Task instructions:
A word-for-word copy of the lines below, starting at the line with "Transition metal/metal oxide" and ending at the last one, is what you should give. Omit every picture.

━━━ Stored data

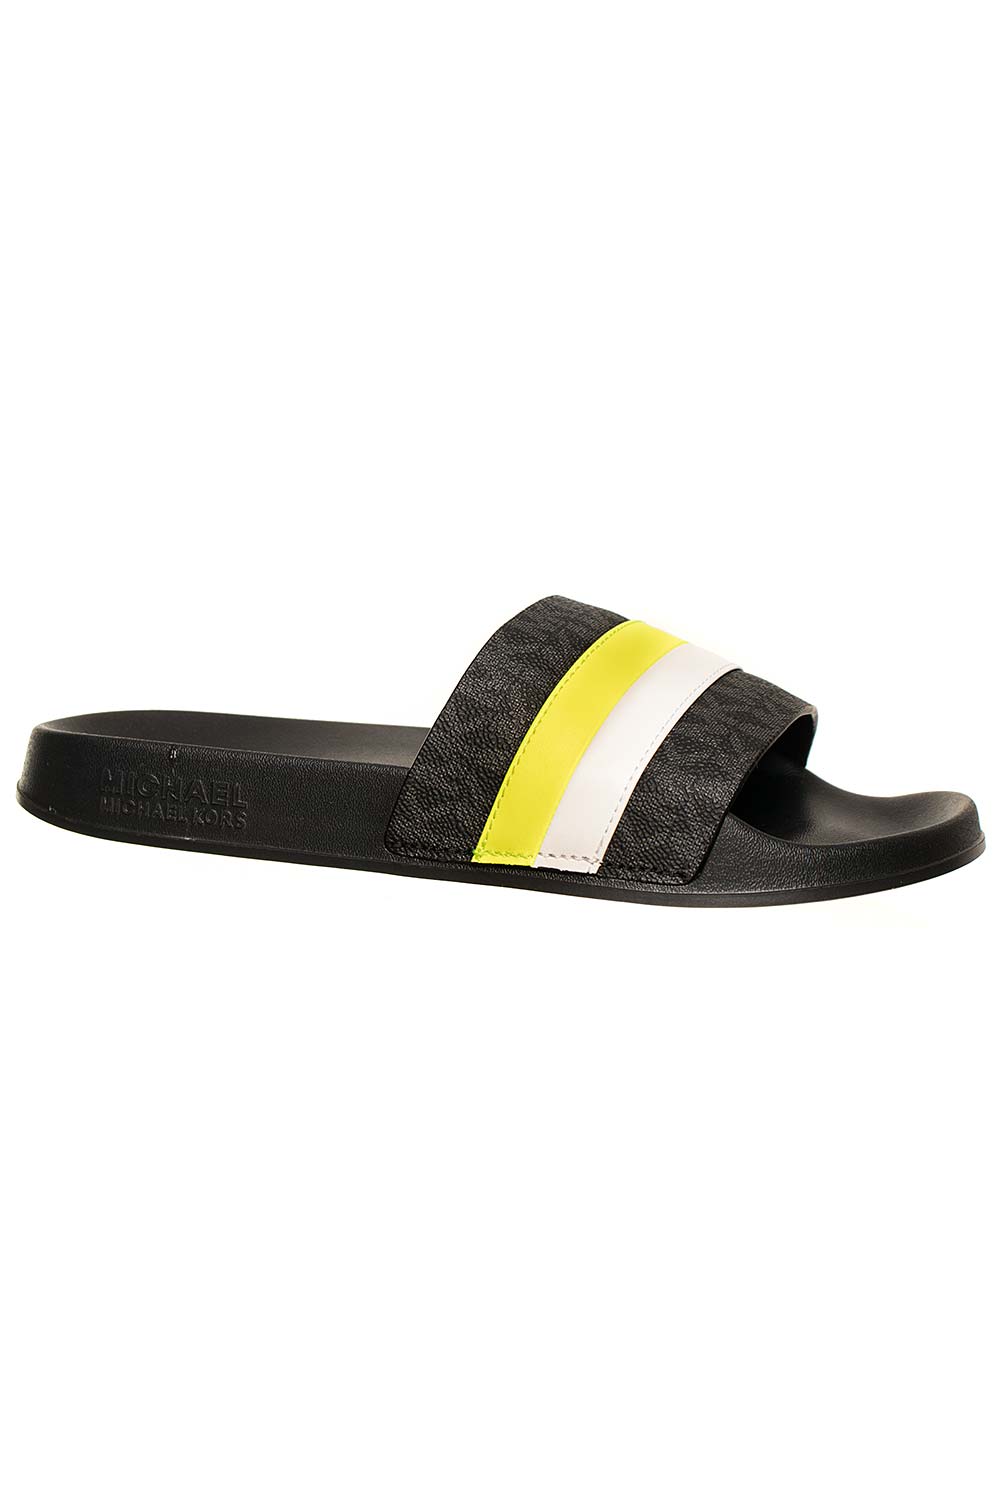 Michael Kors dámské pantofle černé s neon žlutou Velikost: EU 38,5
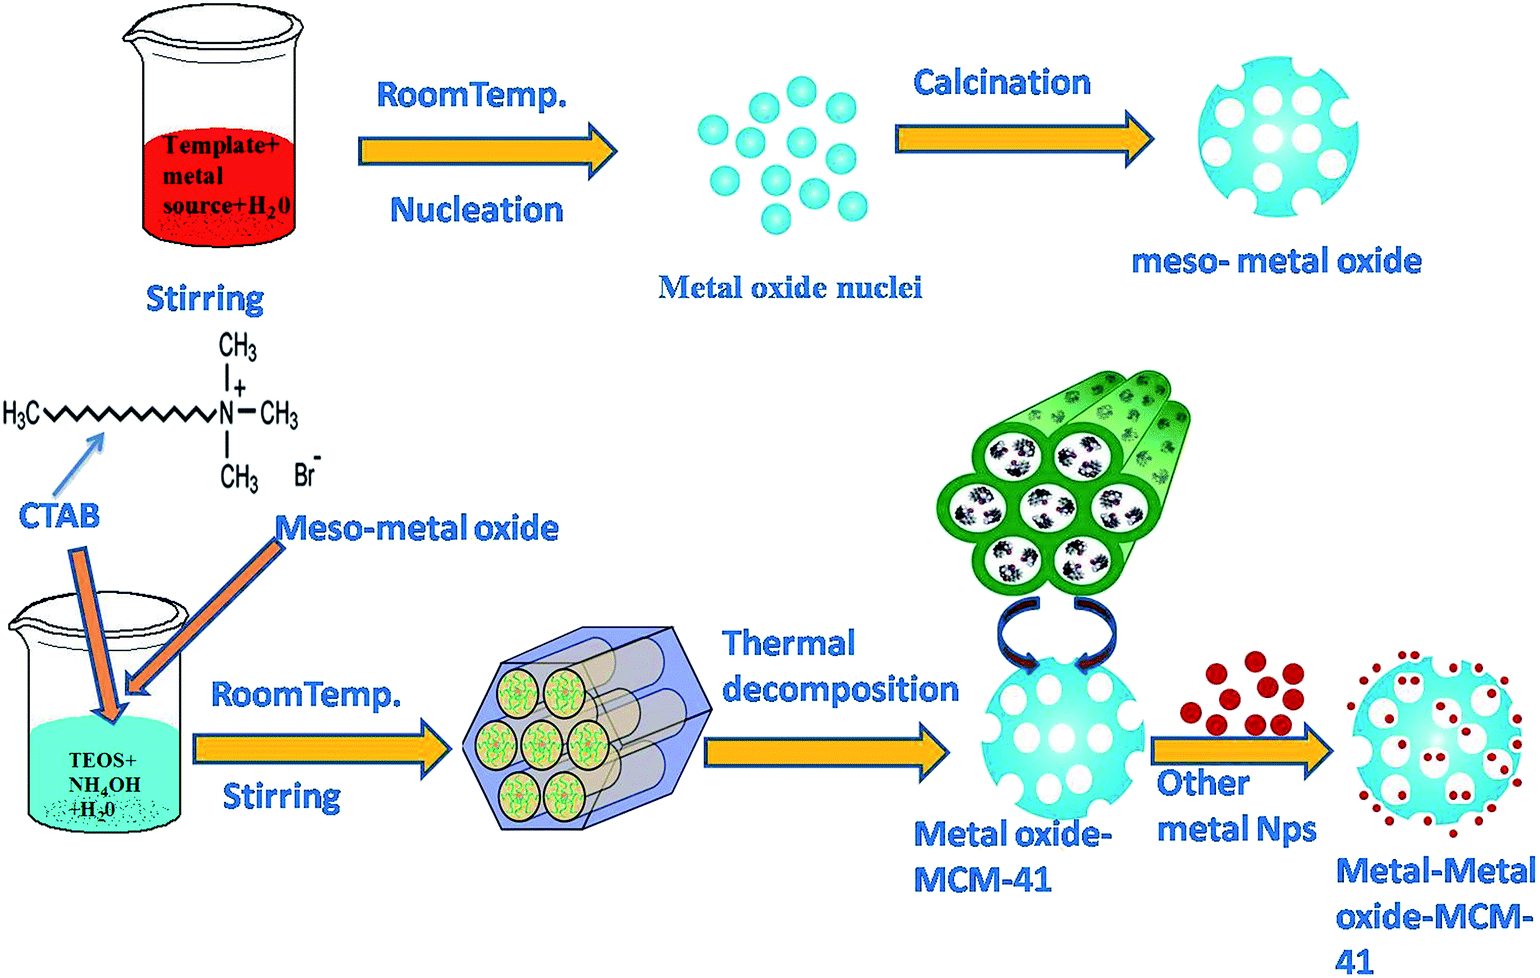 Transition metal/metal oxide modified MCM-41 for pollutant degradation and  hydrogen energy production: a review - RSC Advances (RSC Publishing)  DOI:10.1039/C5RA14555D
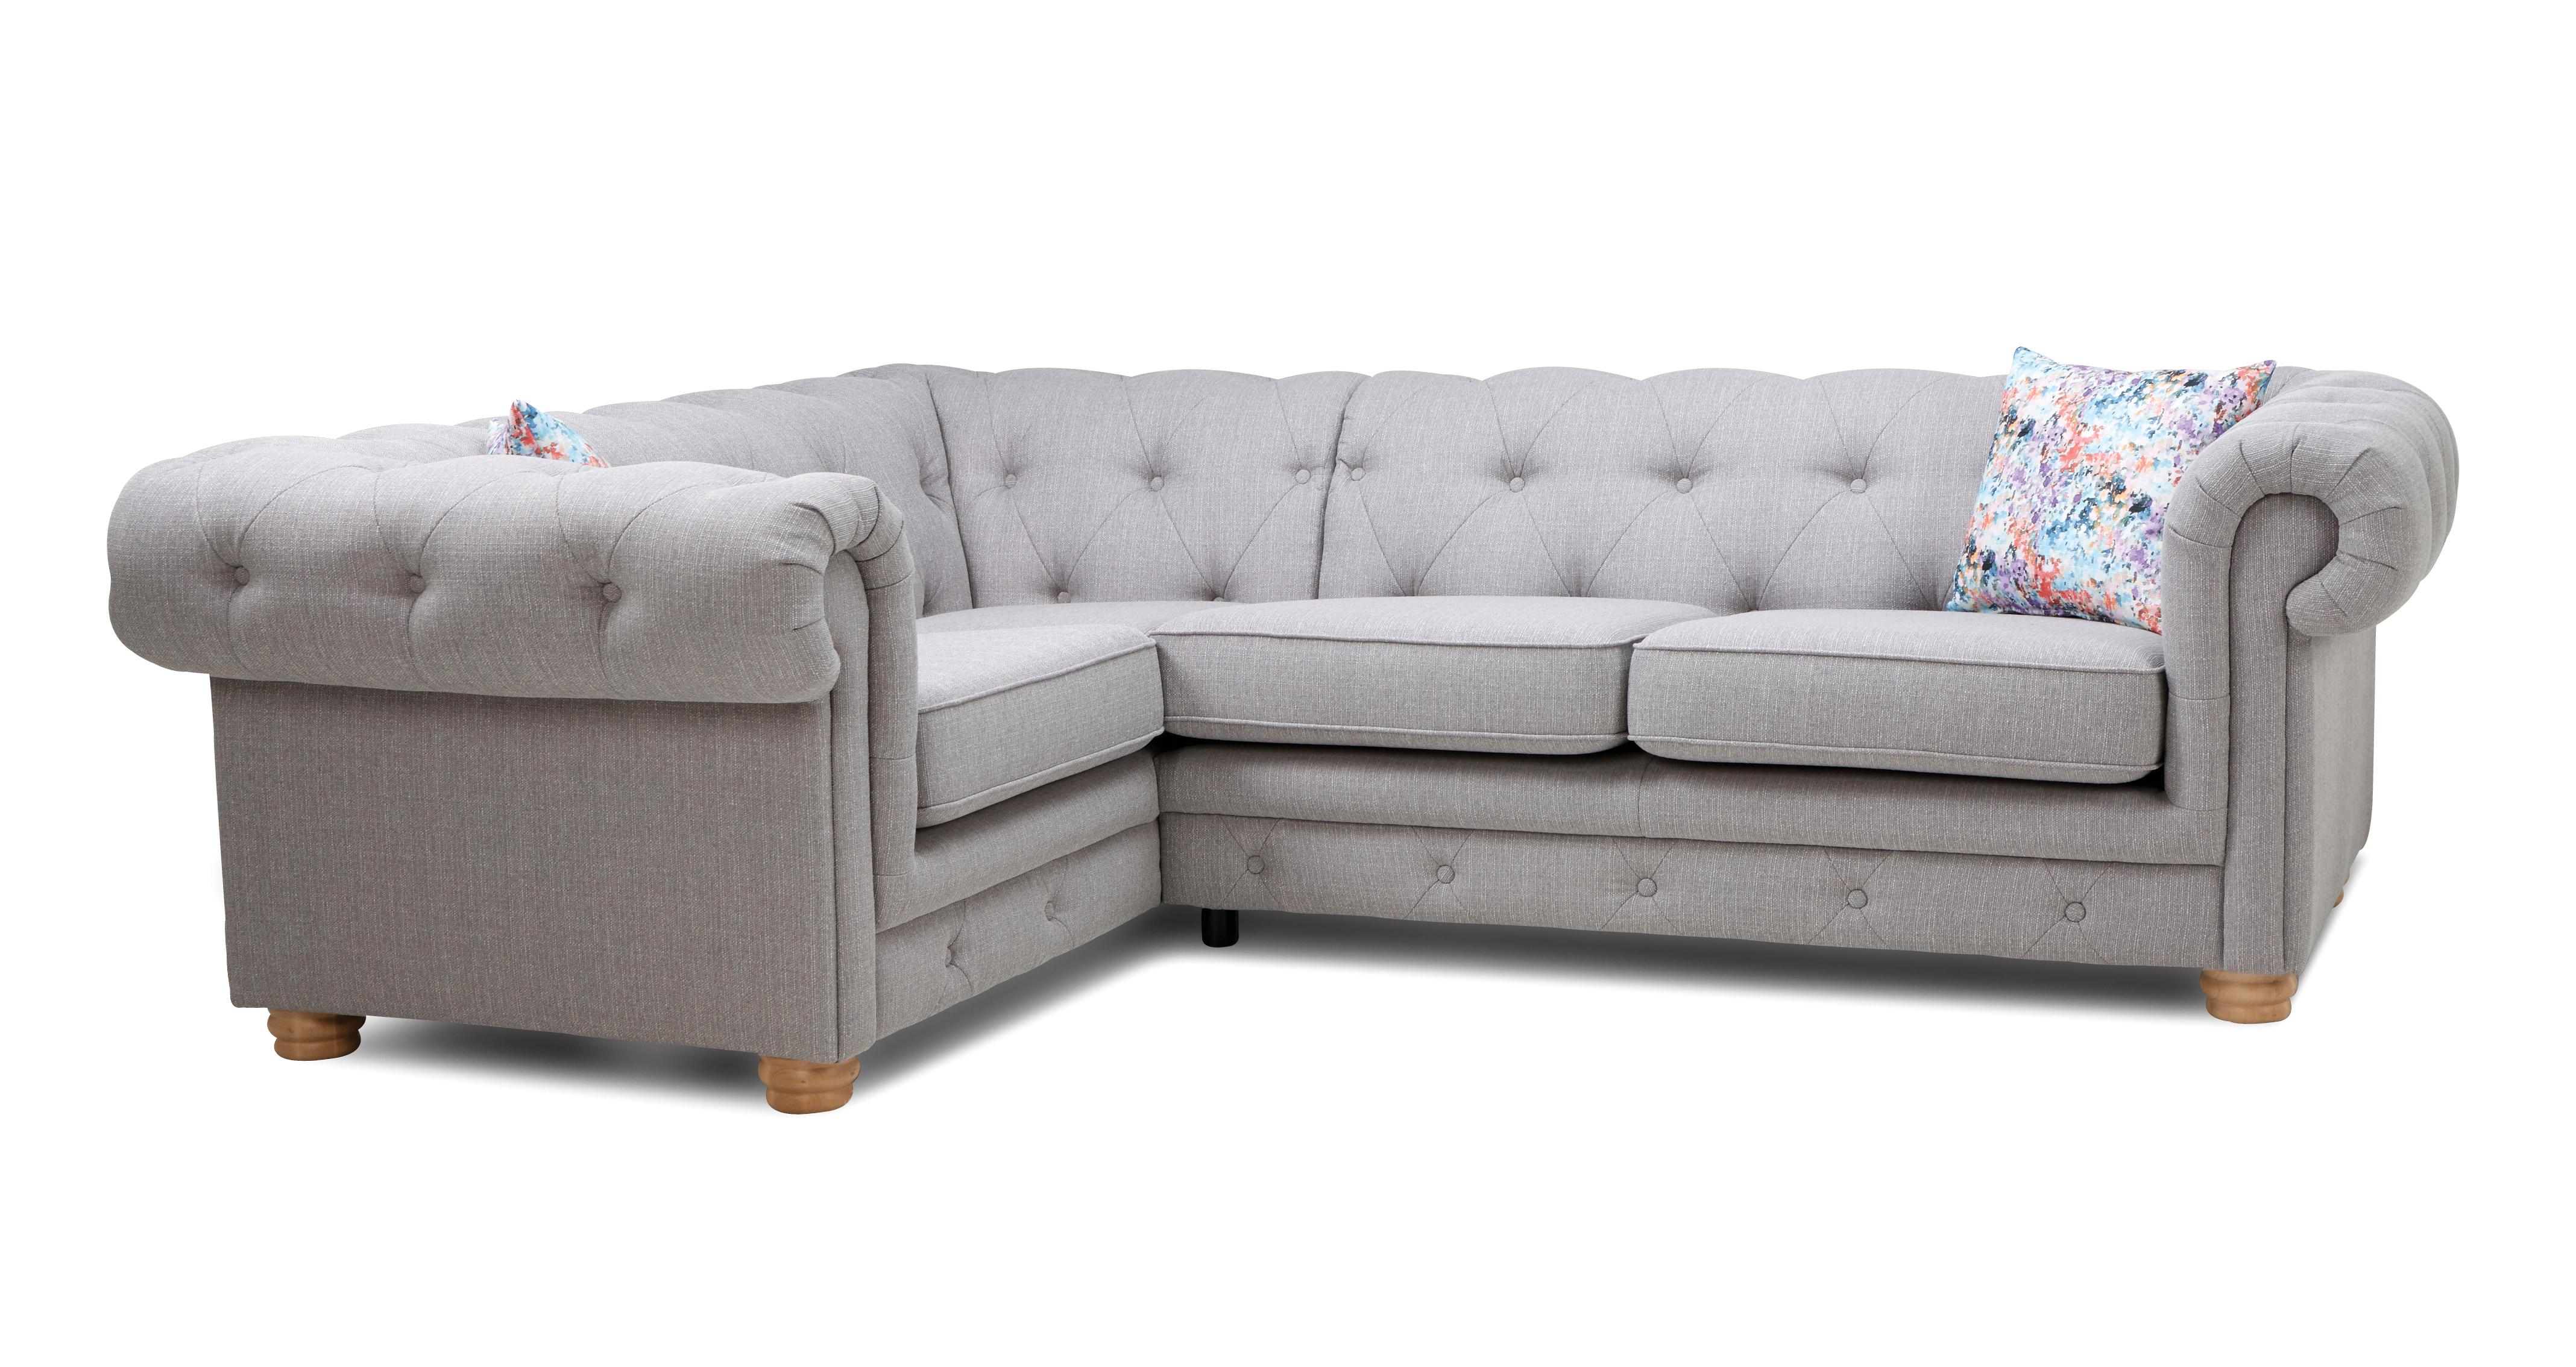 dfs blue leather corner sofa
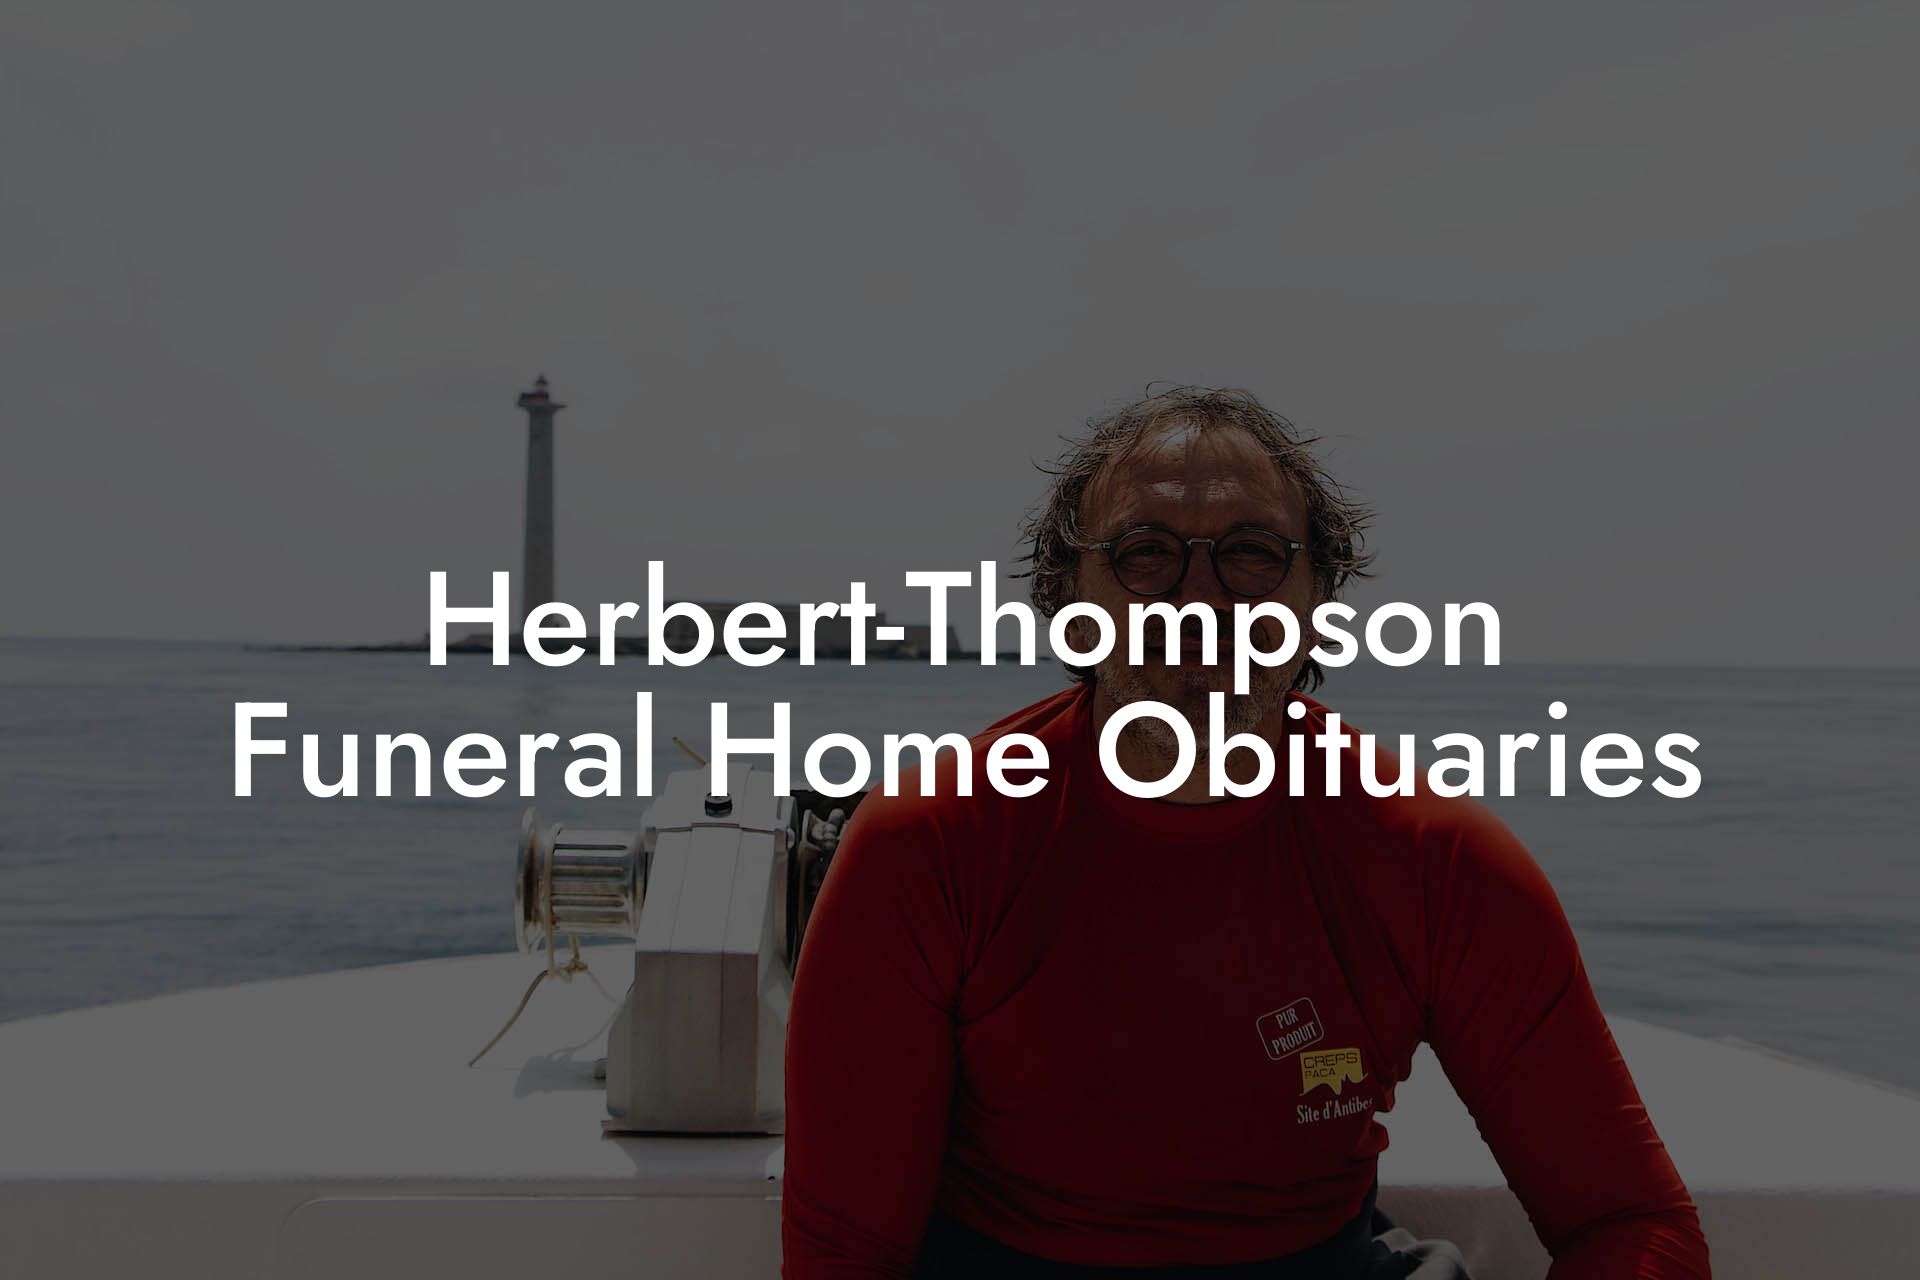 Herbert-Thompson Funeral Home Obituaries

━━━━━━

Result for this task:
 Transition metal/metal oxide modified MCM-41 for pollutant degradation and  hydrogen energy production: a review - RSC Advances (RSC Publishing)  DOI:10.1039/C5RA14555D
 dfs blue leather corner sofa
 Herbert-Thompson Funeral Home Obituaries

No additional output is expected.